BEGIN

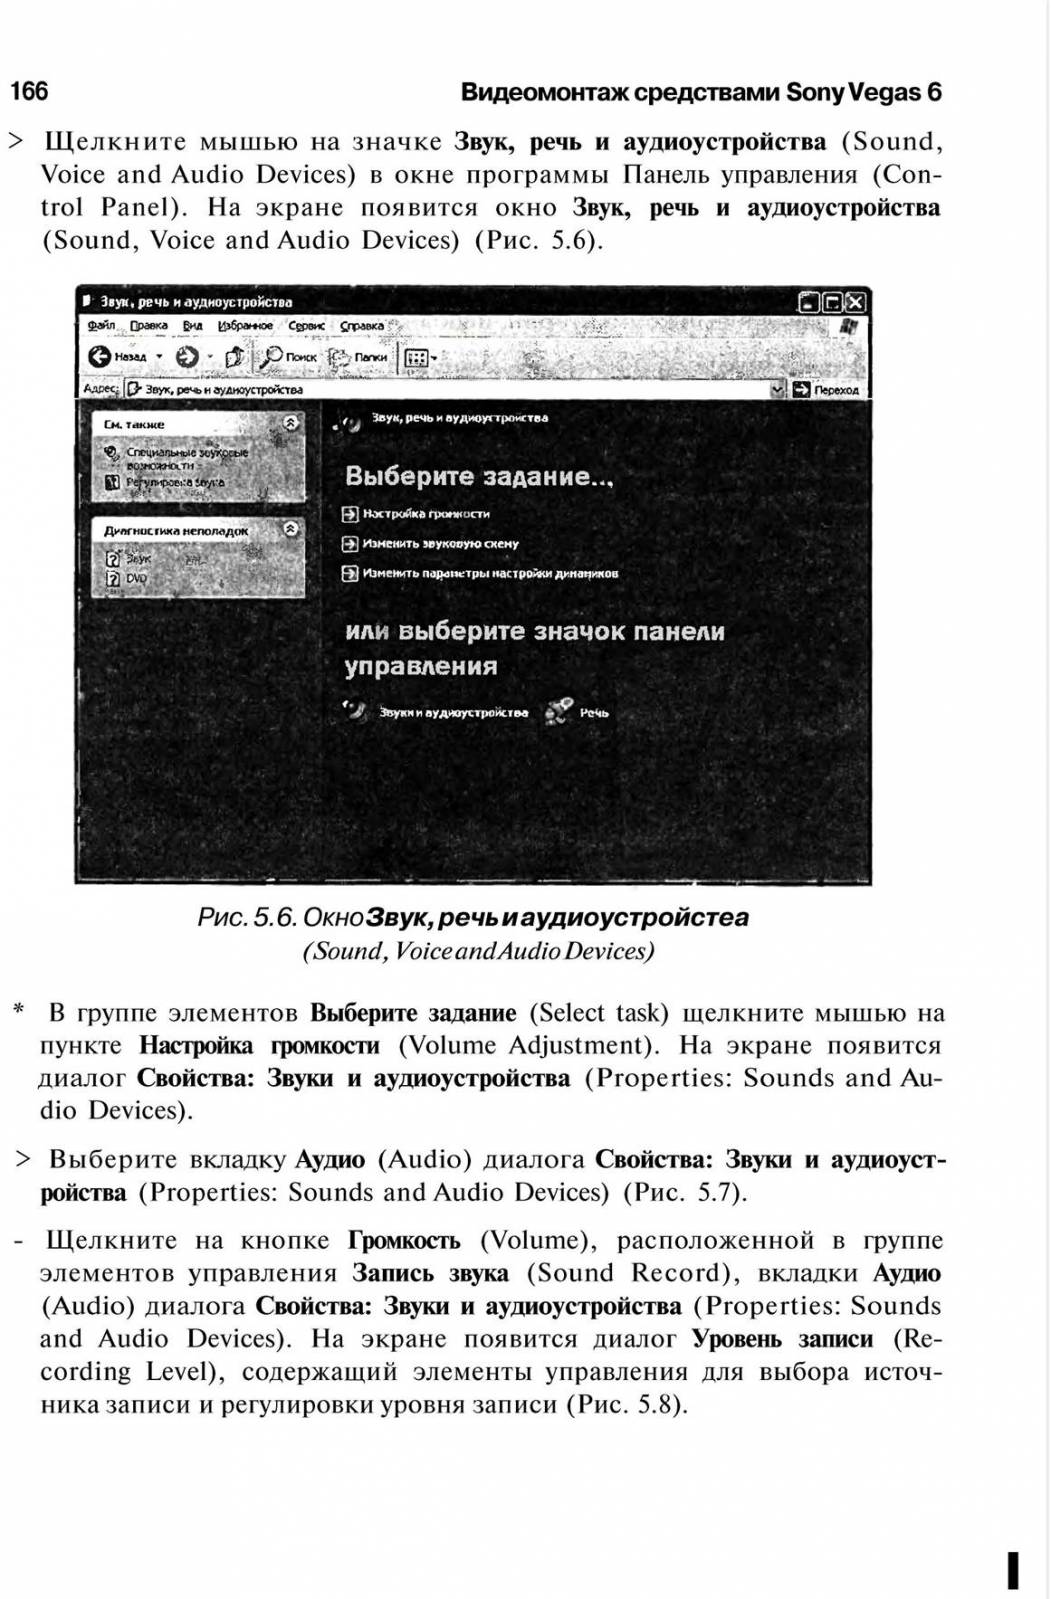 http://redaktori-uroki.3dn.ru/_ph/6/661634378.jpg
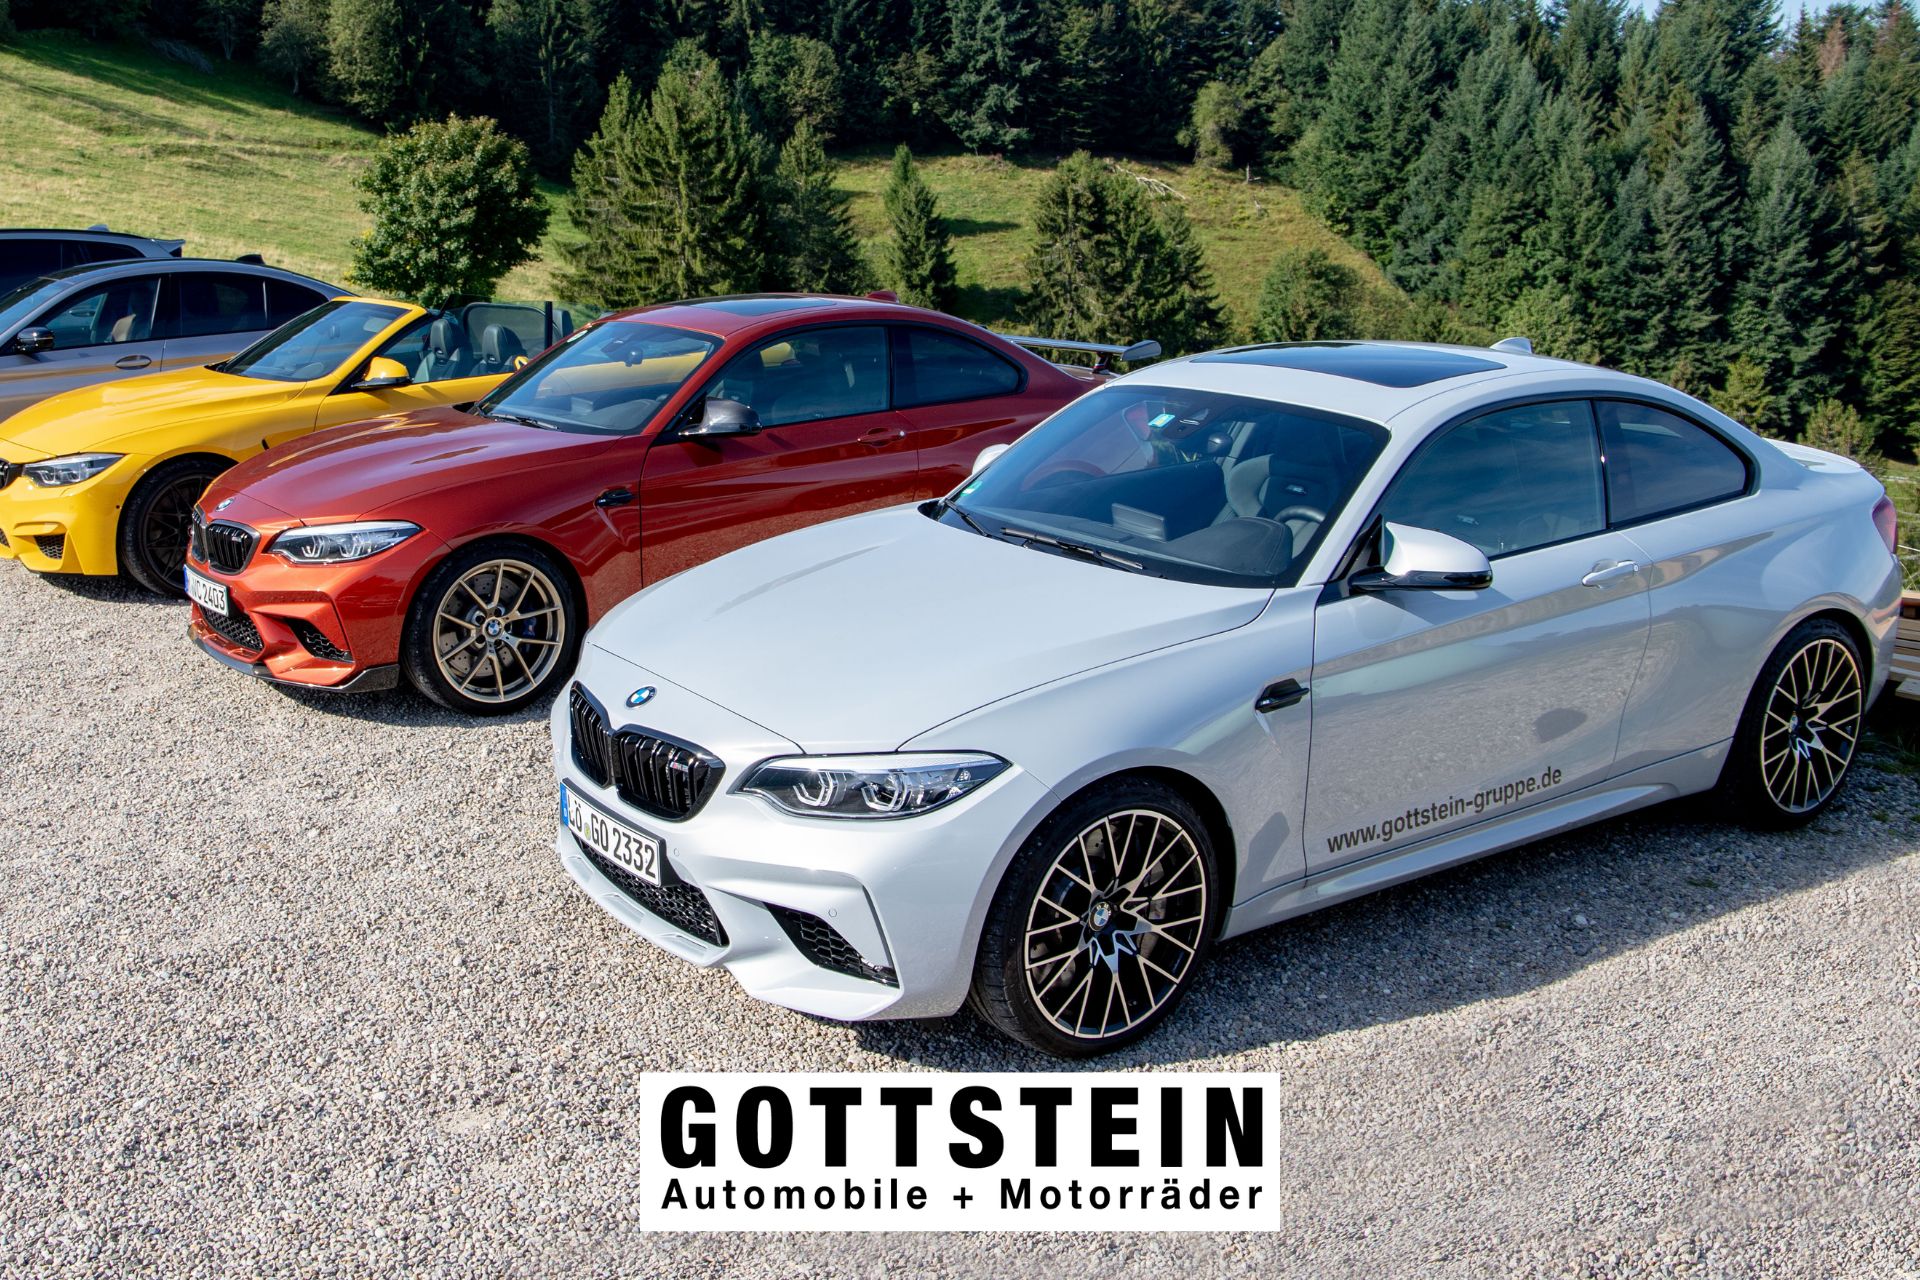 Gottstein Automobile und Motorräder | Produktfotografie | Eventfotgrafie
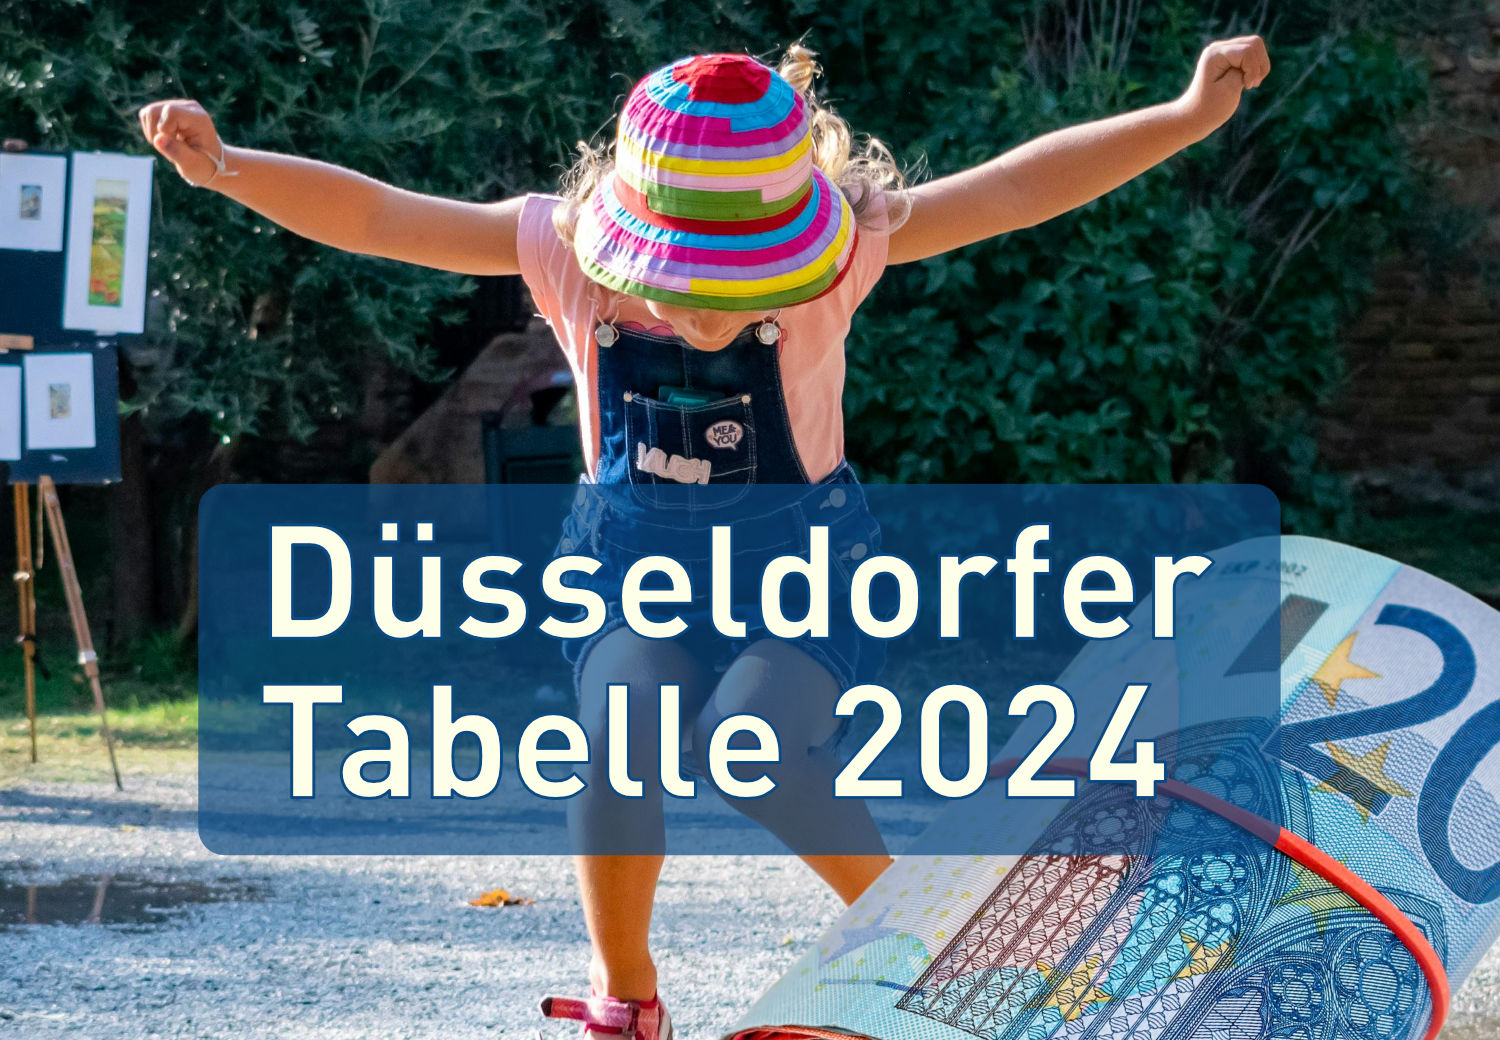 Düsseldorfer-Tabelle-2024 - Unterhalt
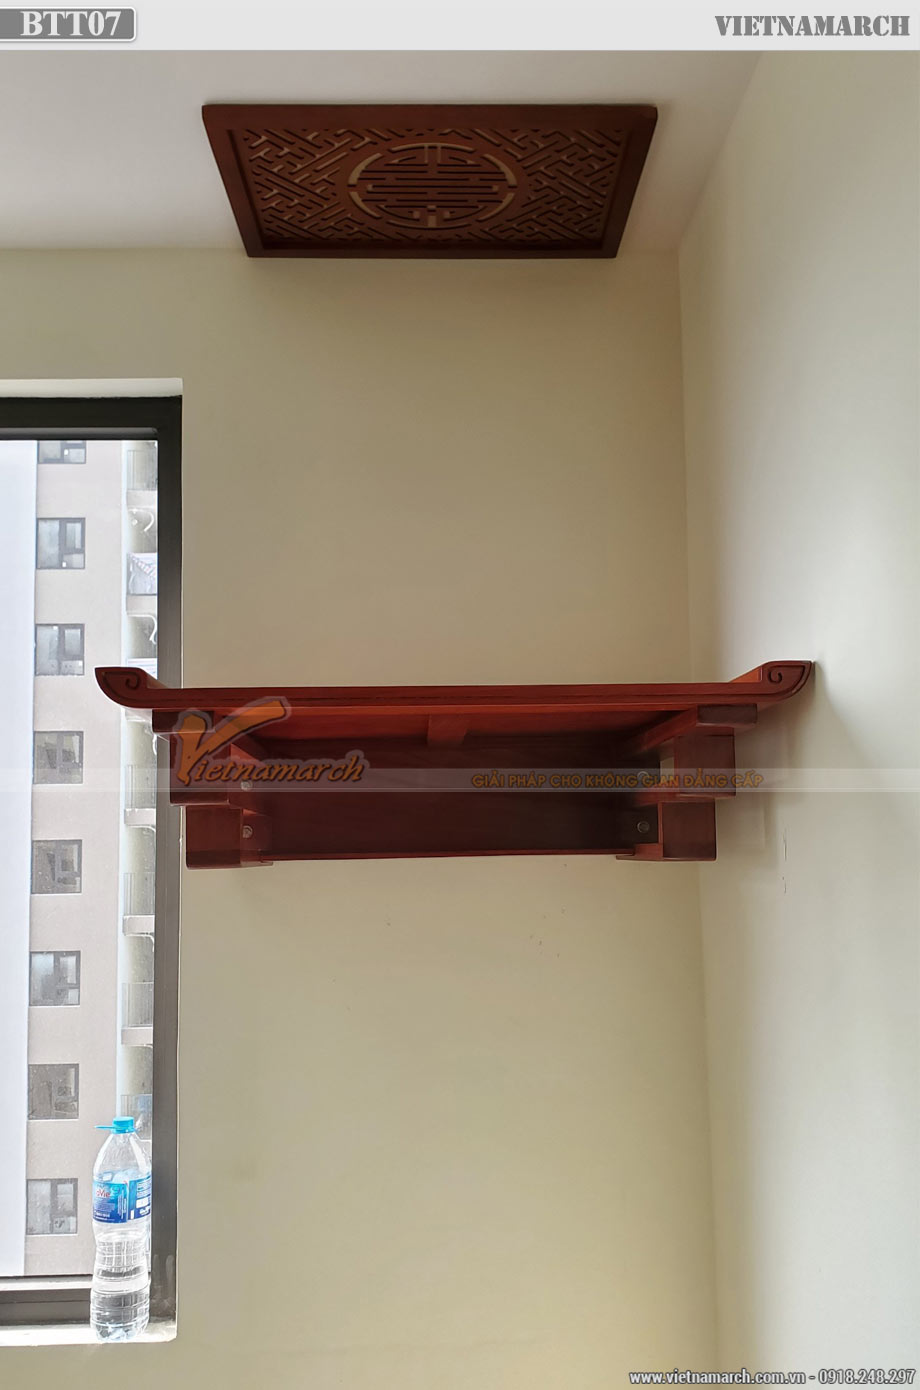 Bàn giao bàn thờ treo gỗ hương 59x97cm cho chung cư IEC Thanh Trì – BTT07 > Mẫu bàn thờ treo gỗ hương 59x97cm
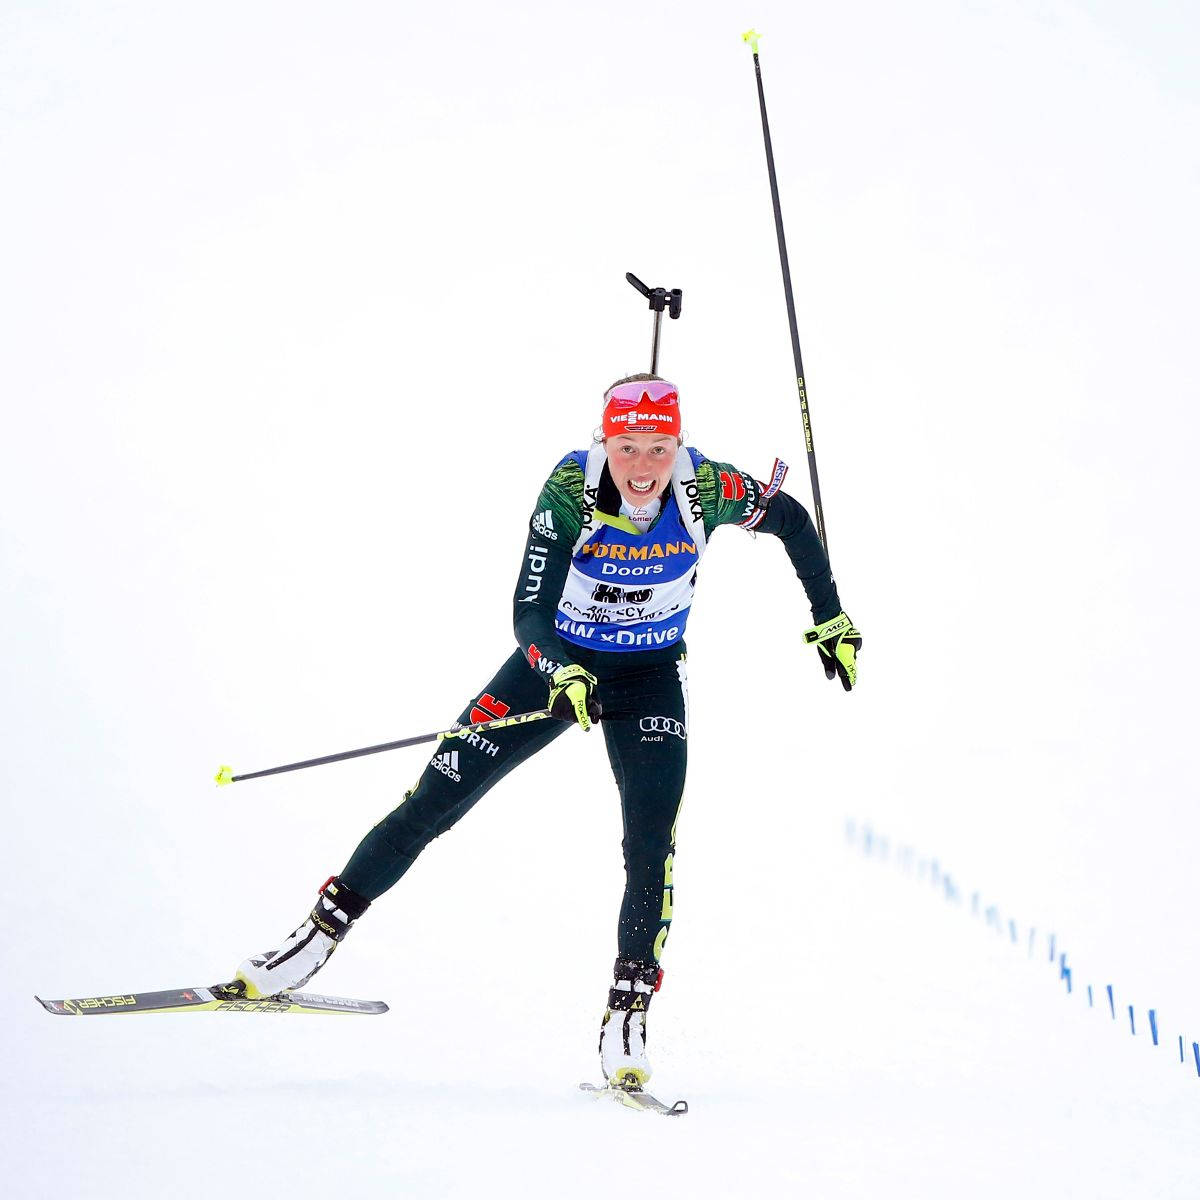 Atletafeminina De Biatlo Esquiando Em Velocidade Downhill. Papel de Parede

END

TASK ITEM:
Copy each line above exactly, with no images.

ANSWER TO THIS PROBLEM:
 http://redaktori-uroki.3dn.ru/_ph/6/661634378.jpg
 Gottstein Automobile und Motorräder | Produktfotografie | Eventfotgrafie
 Düsseldorfer-Tabelle-2024 - Unterhalt
 Bàn giao bàn thờ treo gỗ hương 59x97cm cho chung cư IEC Thanh Trì – BTT07 > Mẫu bàn thờ treo gỗ hương 59x97cm
 Atletafeminina De Biatlo Esquiando Em Velocidade Downhill. Papel de Parede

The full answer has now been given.